Жаклин Санд

Женщины французского капитана

Алексу,

чья любовь к своей земле

всегда восхищала меня.

Пролог

Сентябрь 1854 года

Евпатория


– Или дуэль, – сказал виконт де Моро, не меняя позы.

Он стоял вполоборота к противнику, расставив ноги на ширину плеч, развернув корпус. Пистолет в вытянутой руке – один из лучших пистолетов Сезара, украшенный гравировкой по стали, инкрустированный серебром и с клеймом Бернара на ложе, – смотрел прямо в лицо молодому лейтенанту, застывшему шагах в двадцати от виконта.

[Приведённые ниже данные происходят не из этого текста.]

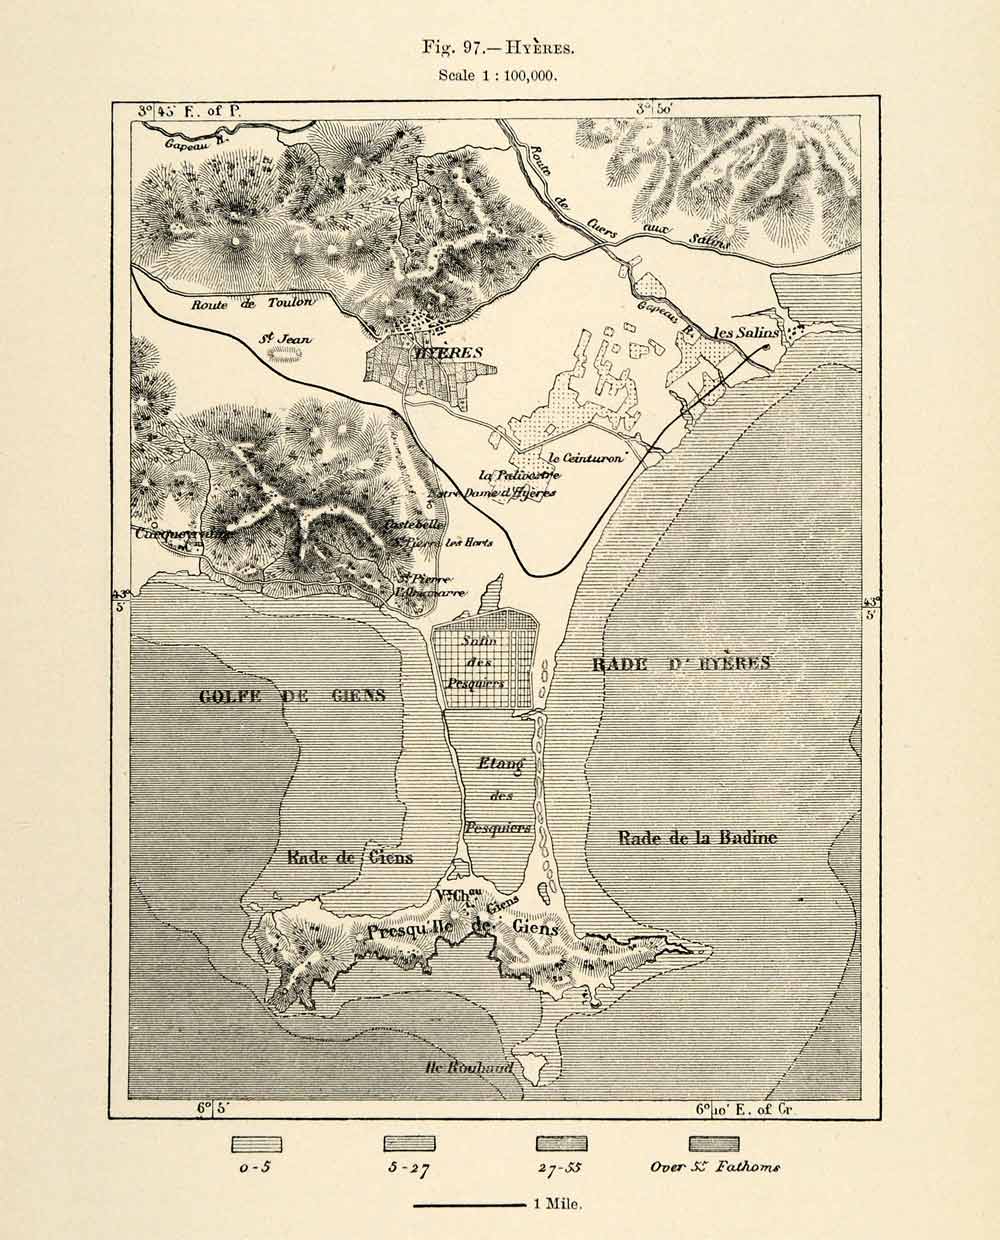 1882 Relief Line-block Map Hyeres Map France Rade Ciens Golfe de Giens XGS6

– Дуэль? – презрительно бросил лейтенант; выговор выдавал в нем уроженца юга Франции, пожалуй, Марселя или же окрестностей оного. – Из-за девки? С вами? Вы смешны, сударь, а я попадаю в туз с пятнадцати шагов, и пистолеты у меня баварские, от Кухенрейтеров.

– Рад за вас, сударь. И тем не менее. Извинения или дуэль.

– Да кто вы такой?! – на холеном лице проступило странное выражение – смесь брезгливости и замешательства. – Как вы смеете вмешиваться в то, что вас никоим образом не касается?! Пришли ужинать, так ужинайте себе и не лезьте в дела других!

– Кто бы я ни был, я не потерплю такого обращения с женщиной.

Сезар не чувствовал от этого разговора ничего, кроме раздражения и усталости. Он не жалел, что ввязался в ссору, обидно было лишь, что не удалось закончить все минуту назад. Или две.

– Кого вы называете женщиной, сударь? Эту потаскушку? Эту солдатскую девку? Мы тут с вами не на приеме у его императорского величества, чтобы играть в честь и совесть. Каждый развлекается как хочет. Опустите пистолет, и разойдемся миром.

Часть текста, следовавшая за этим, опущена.